We verified my worst fears with the help of an oncologist and a surgeon, but it was clear from the start that this young, athletic dog did indeed have an aggressive bone tumor.
Within a short time, Otter was in pain. Amputation was the recommendation. Without the surgery, Otter’s family wound have to put him to sleep soon because walking on the leg would be too painful.
Even with a leg amputation, Otter’s long-term prognosis was poor. Dogs possibly survive a year before there is metastasis (cancer spread) to lungs or elsewhere. Otter Mom and family still chose to amputate. They couldn’t say goodbye just yet.
Bone Tumor Facts
Osteosarcoma (bone cancer) is one of the most aggressive forms of cancer in dogs, often affecting middle-age to older large breed dogs. We are sadly beginning to see the tumor show up in younger dogs as well.
Some popular breeds are particularly at risk: Great Danes, German Shepherds, Dobermans and Golden Retrievers. Despite advances in surgical options and cancer treatments, we still can’t give these owners much hope.
Otter had a rough week or two post-op, but most of that was because he had no patience.
He seemed only mildly inconvenienced by the loss of a rear leg. Otter wanted to rock, roll, wriggle and wiggle before his sutures were out!
His resiliency in rehab echoed the brave stories of the Boston Marathon victims. Otter lived pretty close to Boston, and the bombing had just happened. Stories of victims rebuilding their lives after losing limb(s) were in the news daily.

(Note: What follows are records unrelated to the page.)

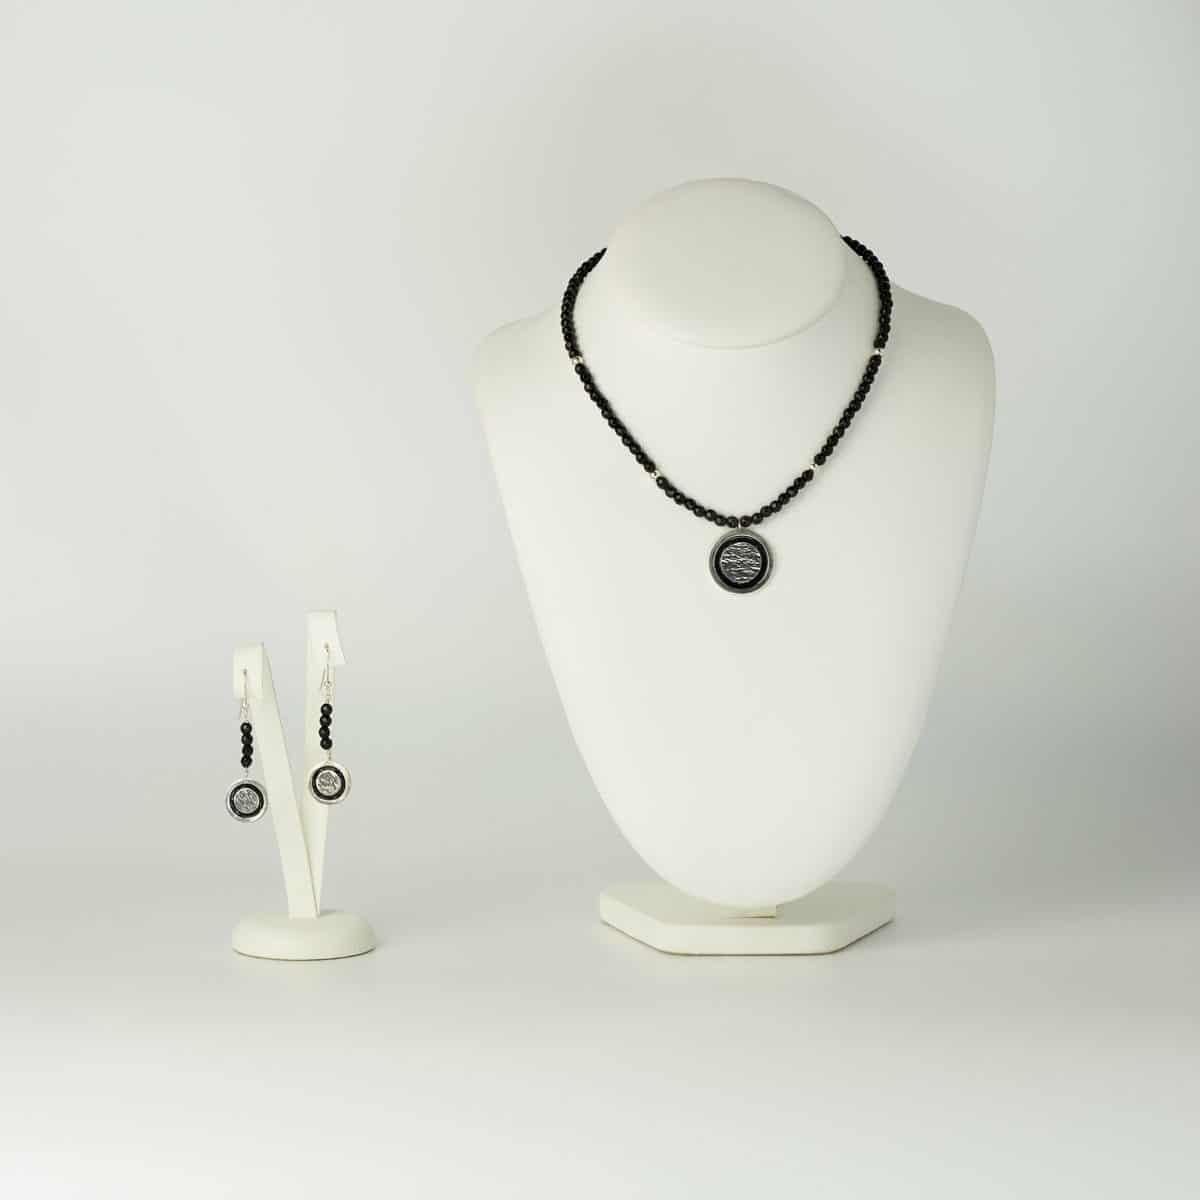 Conjunto de plata diseño modelo Lúa, joyería de diseño en plata con esmalte al fuego, Joyas Siliva
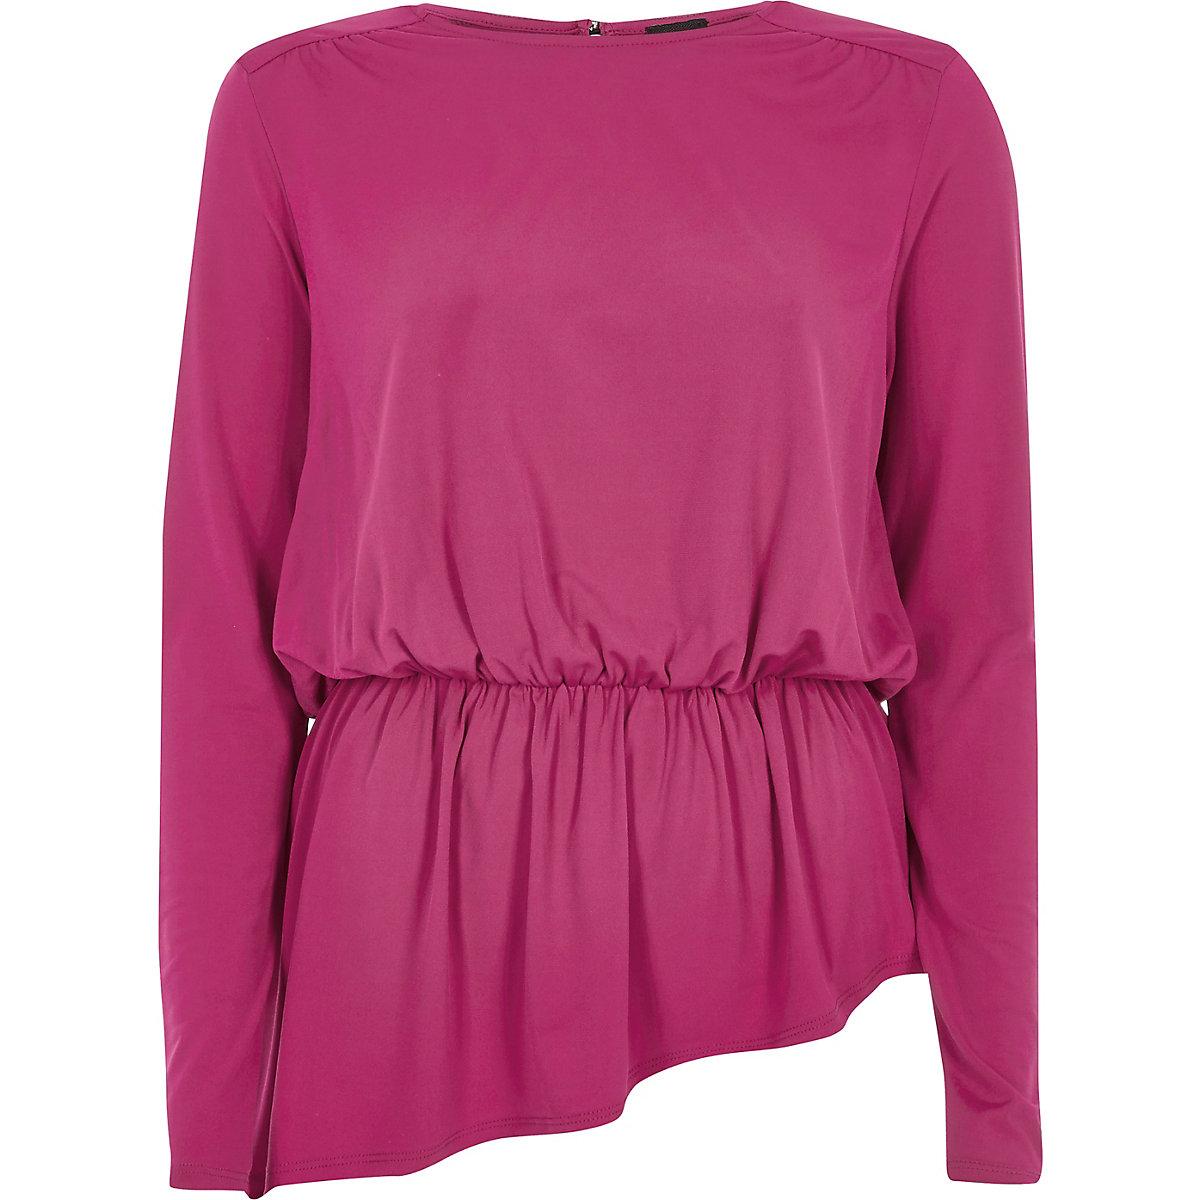 Roze top met brede schouders en peplum
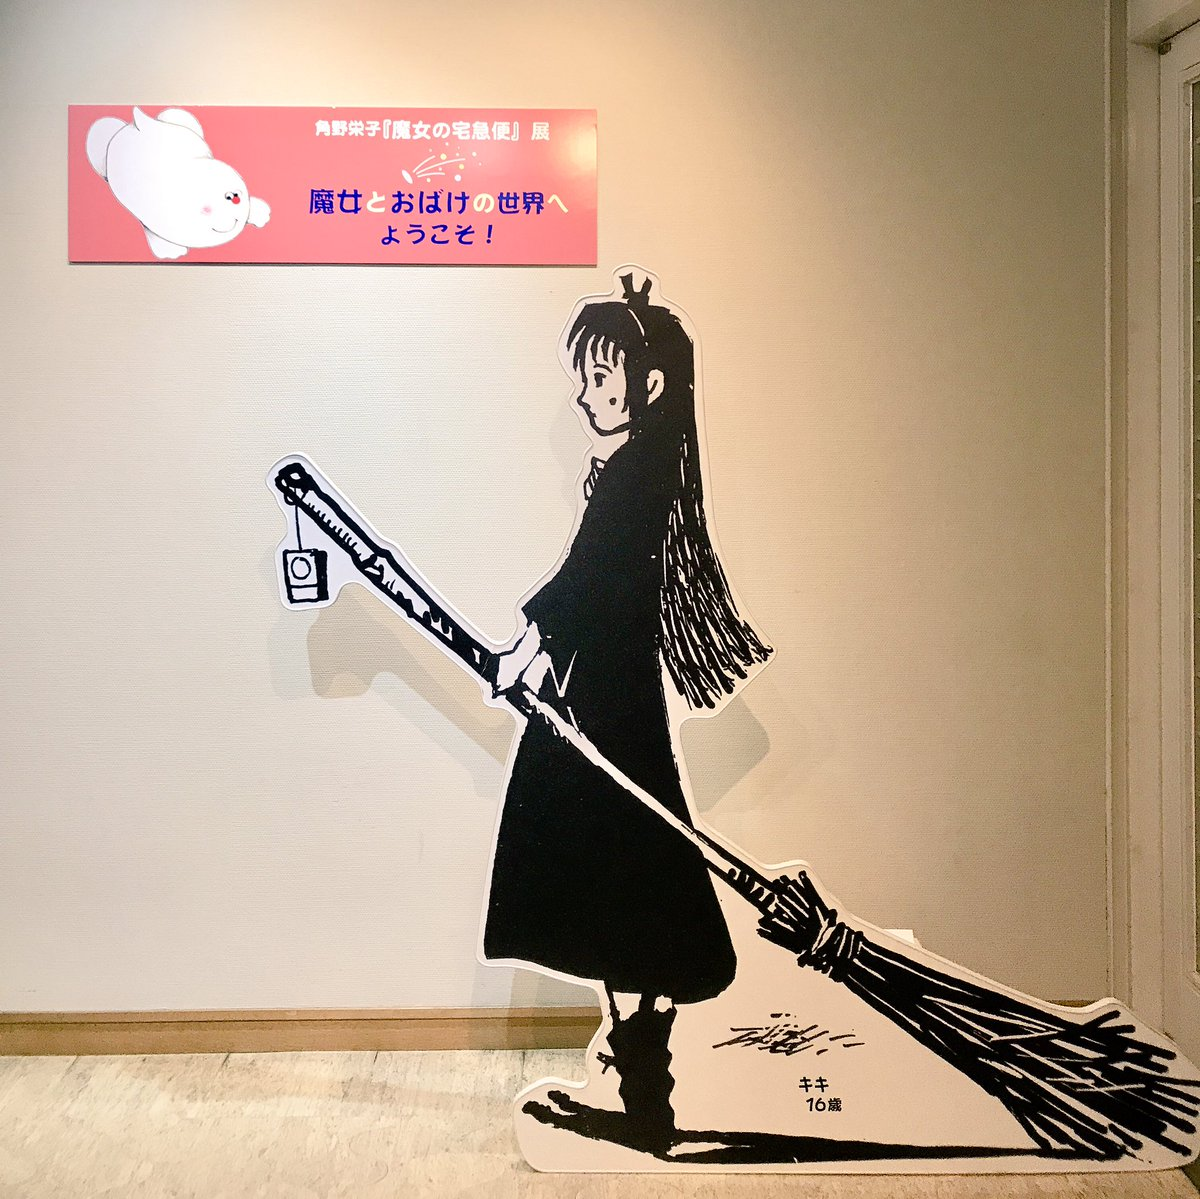 今日のメインは港の見える丘公園の神奈川近代文学館でやってる魔女の宅急便展原作のキキとジジも可愛かったそして横浜、港の見え

As Otter was rehabbing from his amputation, Otter-Mom was continually reminded of the human beings working so hard at their own recovery and rehabilitation. She couldn’t help being sad as Otter struggled in the beginning to walk again and gain strength, but Otter wasn’t sad. He attacked this challenge as he did everything else in life: run around, roll on back, stop and smell the roses, eat one, and then full speed ahead.
Otter’s care had been covered as an employee dog. In his honor, his family made a donation to the Boston Marathon One Fund. Here at the hospital, we called it the Otter-One Fund.
Otter-Mom has been in the veterinary business a long time. After saving pets and working on tough stuff at the SPCA, she has worked with me for more than 15 years. Like Otter, we call her our goofy one. She’s always ready to laugh and — even when things are not that rosy — we anticipate our morning coffee being delivered by Otter-Mom, coffee almost spilling as she dances in to the tune of “Walk Like an Egyptian.”
Osteosarcoma in Younger Dogs
Otter’s tumor was a terribly aggressive and metastatic variant. Despite the amputation, the cancer advanced quickly to his lungs. Chemotherapy bought him only a little time.
It was a bleak day when Otter came to visit for the last time. He was still licking my face and wagging his tail, and his attempt to act like nothing was wrong didn’t cover up the obvious.
The swelling in his feet and the cough that wouldn’t stop whenever Otter tried to play were signs that our efforts to make his short life happy were coming to an end.
No amount of experience in the veterinary field makes it any easier when it comes to losing your own sweet pet. One solace, perhaps, is that Otter had no idea that life was much different during his ordeal, and his joy in every moment was infectious.
All of us at the clinic have gained inspiration from the happy pup who lived every moment of every day he had to the fullest. In this instance, his ignorance was bliss. And we tried to live in his every day, not his tomorrows.
If only we humans with our fears, our worries, our despairs, could take a big lesson from Otter. Live in the moment. Look for the joy. If there’s a rough turn in the road, maneuver it with gusto.
To all those affected by the Boston Marathon bombings and those suffering from senseless acts of violence or tragedy, may the joy you see in animals help you through what may seem like the insurmountable.